This is my composition/film called Love & Fissures. I recorded four cello tracks with the C-string tuned down to various levels of purr. The film is of my Irish hand woven blanket which I have had for 10 years. It has a life of it's own, and sneaking up behind it, I finally caught it doing it's strange dance on film!

 

‘Child of Tree’ John Cage

Four hours of John Cage in the Triskel Arts centre in Cork last night with the Quiet Music Ensemble. Some incredible moments of freedom, beauty, peace, synchronicity, mirth (that was after in the pub) and incredible concentration from all 'sound artists' involved! I played Inlets with Sean McErlaine of QME and Mel Mercier who had performed this piece with John Cage! We had 4 conch shells each, of varying sizes. Water is swirled around inside and amplified, to create excellent glooping sounds. The music also includes pine cones on fire and a conch used as a horn. 32 minutes of glooping. Plus a short 15 minute version at the start of the performance while kids were around. Phew…

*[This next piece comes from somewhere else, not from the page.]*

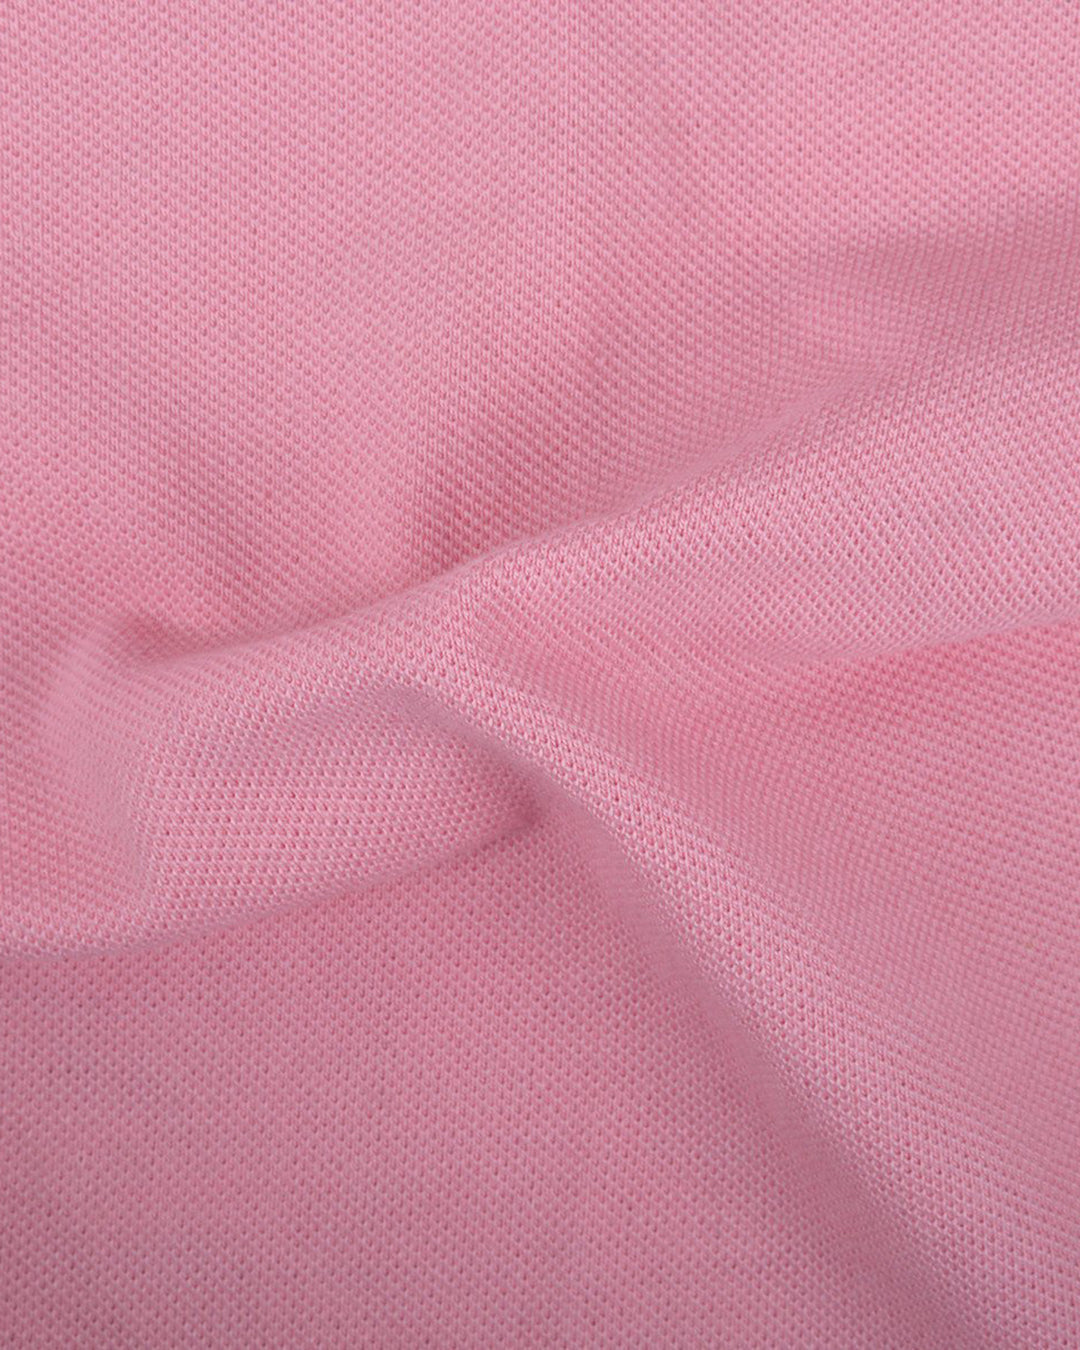 Close up of the custom oxford polo shirt for men by Luxire in mid pink

“If something is boring after two minutes, try it for four. If still boring, then eight. Then sixteen. Then thirty-two. Eventually one discovers that it is not boring at all.” 

― John Cage

 

Also on the programme we played Four6, But what about the noise of crumpling paper and Ryanji, where I played the percussion part using the body of the cello and striking of the spike in unison, amplified to create an exciting yet funereal slow beat.

RTE Lyric F'M's Presenter Bernard Clarke and producer Eoin Brady were there to record the event, and Bernard did a stunning and pure reading of Cage's Themes and Variations, whilst various other Cage pieces were played around the venue, including Inlets, One10 violin solo from the balcony (lesya Iglody) Chaconne (Keith Pasco), harps, electronica of the Quiet Club and more… 

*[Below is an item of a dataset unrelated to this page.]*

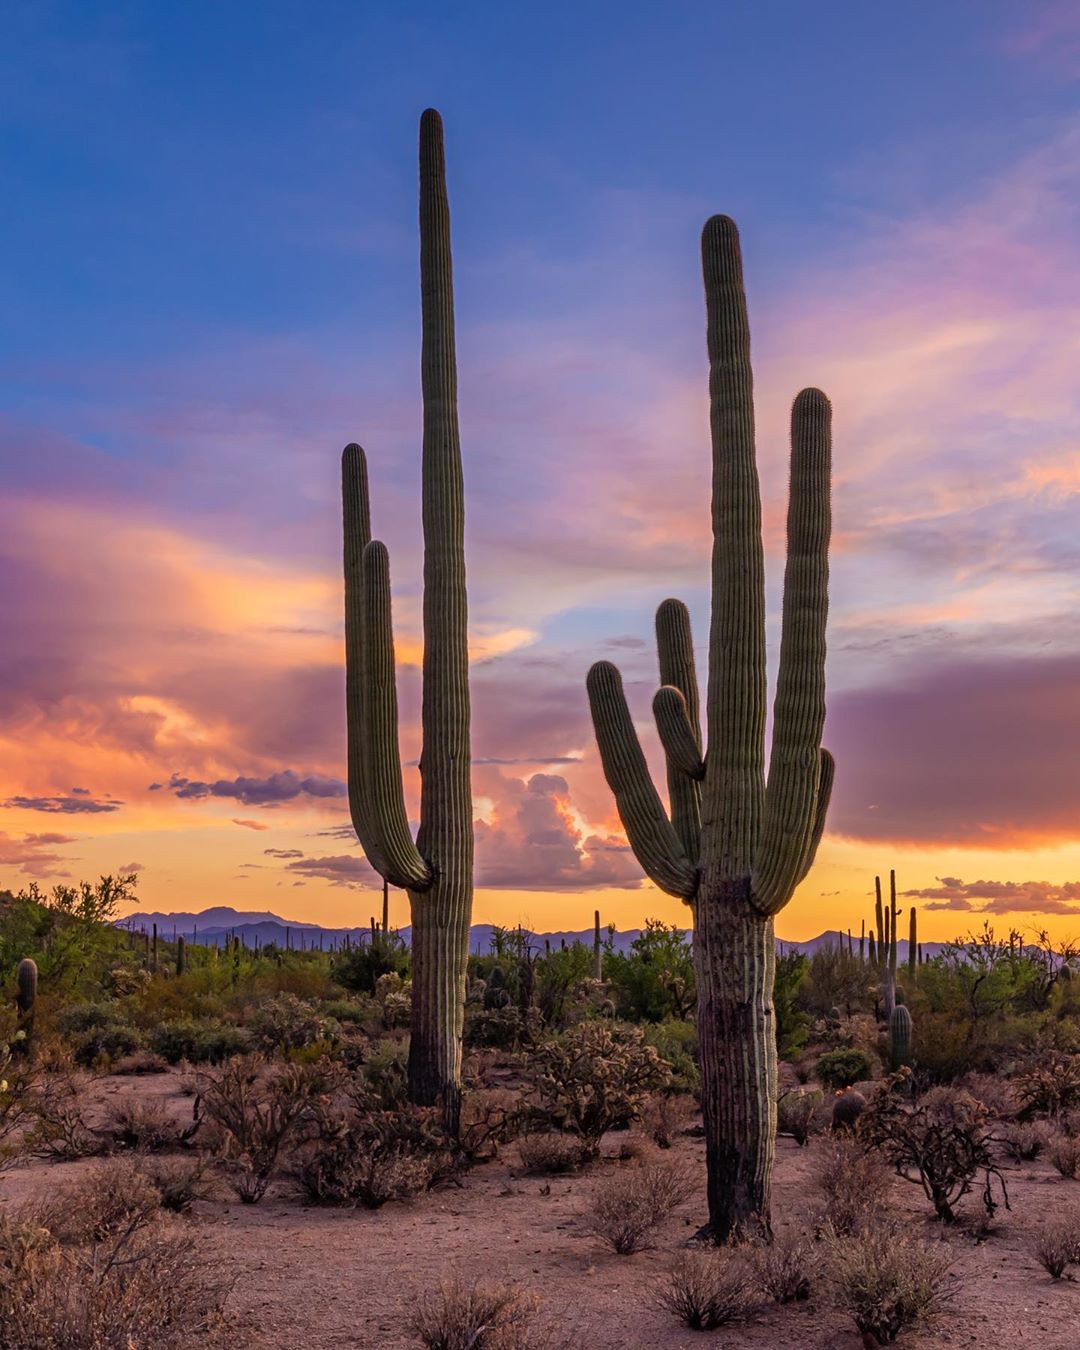 Cacti in a desert at sunset. Photo by Instagram user @marknavarrophoto

To be broadcast on Lyric fm Nova tonight

Tips for performing John Cage and other minimalist music

 

PLAYING THIS KIND OF MUSIC (especially important if you haven’t done this much before!)

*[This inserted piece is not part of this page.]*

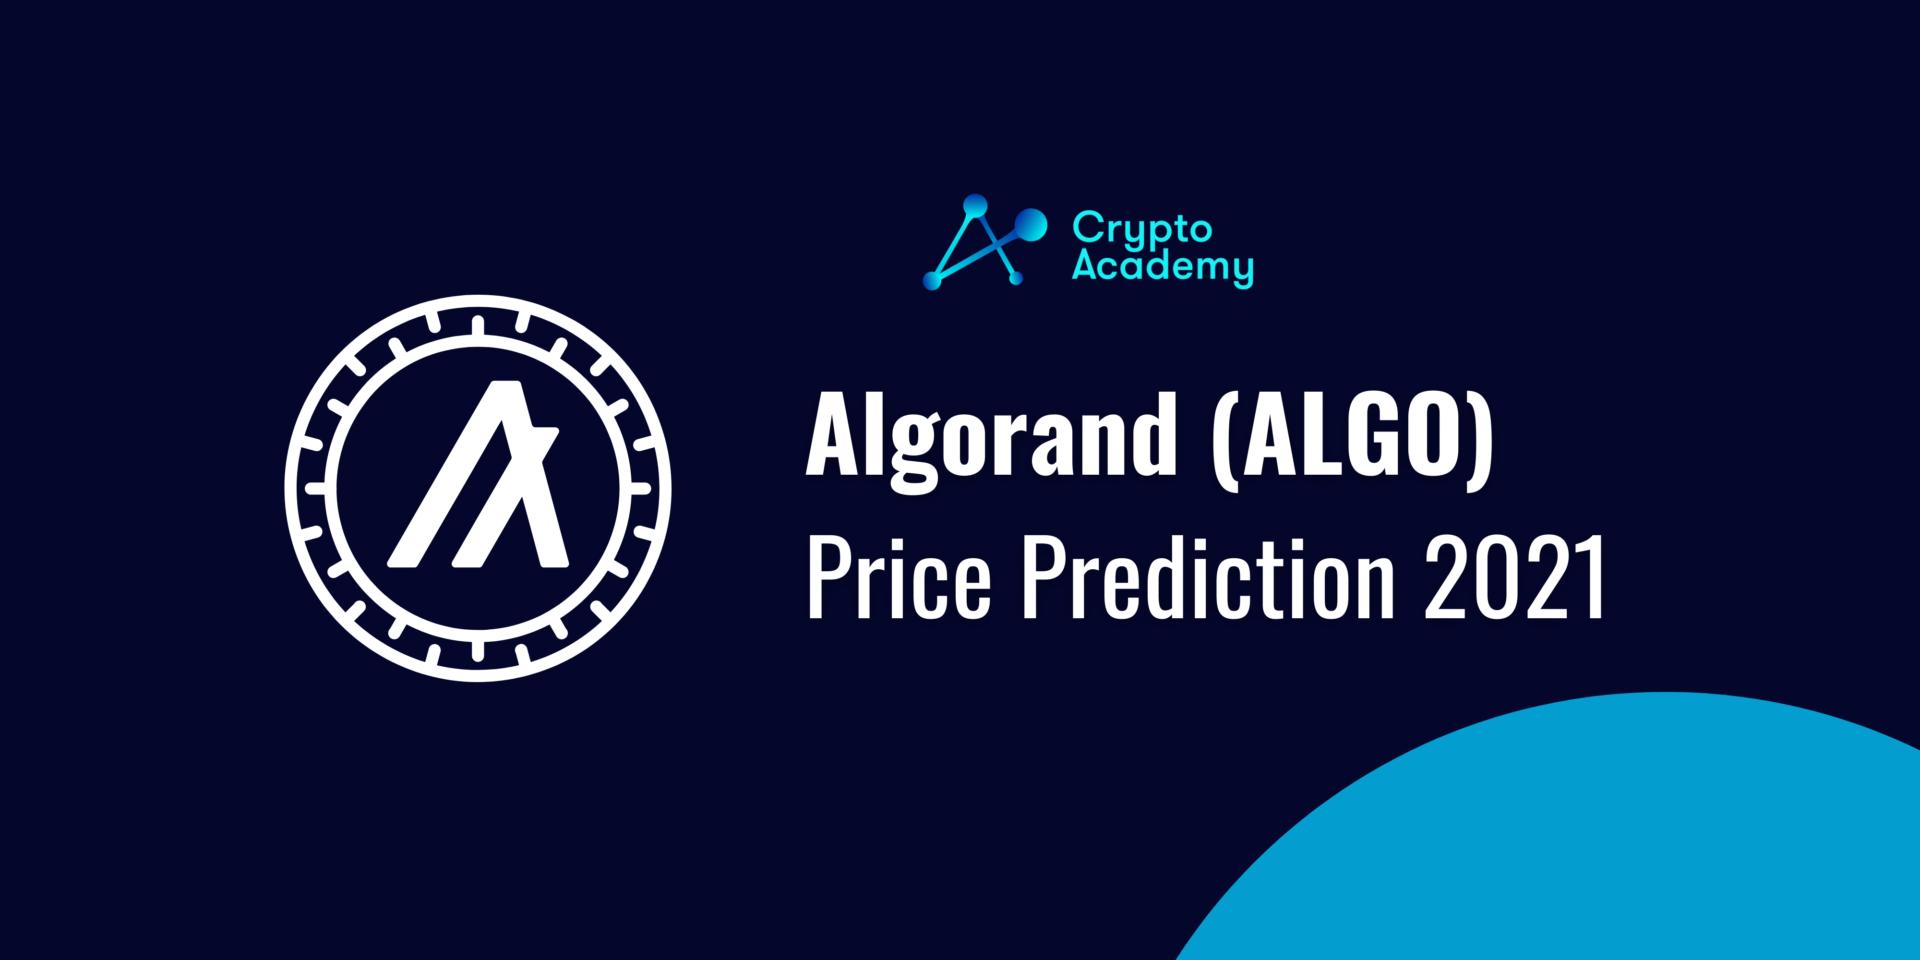 Algorand Price Prediction 2021 and Beyond - Is ALGO a Good Investment?

One of the most essential things in playing this music, and arguably the hardest, is that you have to ‘let go’ of the desire to make things go the way you think they should go!

For example, since there will be simultaneous performances, it is quite possible that something will be going on at the same time as the piece you are performing which makes it hard to hear what you are playing. You must, at all costs, resist the temptation to play louder in order to be heard! If you are drowned out, so be it. The people close to you will be able to hear what you are doing. Others may not be able to hear you at all. The audience will be mobile: what they will hear will depend very much on where they choose to be… So always think quiet! This is very important – it is easy for the whole thing to escalate out of control and become cacophonous.

Try not to let what you hear around you affect what you yourself are doing. For example, one of the other pieces may be getting louder, or faster, or rhythmic in some way: don’t follow it. Just play what you should be playing. Don’t try to ‘shape’ the performance or impose your will on the overall sound.Similarly, most of the music we are playing is extremely sparse. There will be long silences, and long periods in which almost nothing happens. This is fine. Do not worry about being boring or about having to entertain. You may be tempted to inject extra things into your performance in order to make it ‘interesting’: don’t give in to this! Be disciplined, and play precisely what you have to play without adornment or additions. In my experience, attempting to make very sparse and minimalist music ‘more interesting’ by adding things usually has precisely the opposite effect! Pare down what you are doing to its simplest; shave away absolutely everything inessential. Be calm. Be simple. Be sincere. You may feel quite uncomfortable for a while, but you will find a gorgeous transformation come over you as you get into the timescale of the music…

This is music of meditation, of serenity, of humility. It is not about us, the performers. Accept that, and it will be a transcendent experience!

Enjoy 🙂

 

Thanks to John Godfrey for this.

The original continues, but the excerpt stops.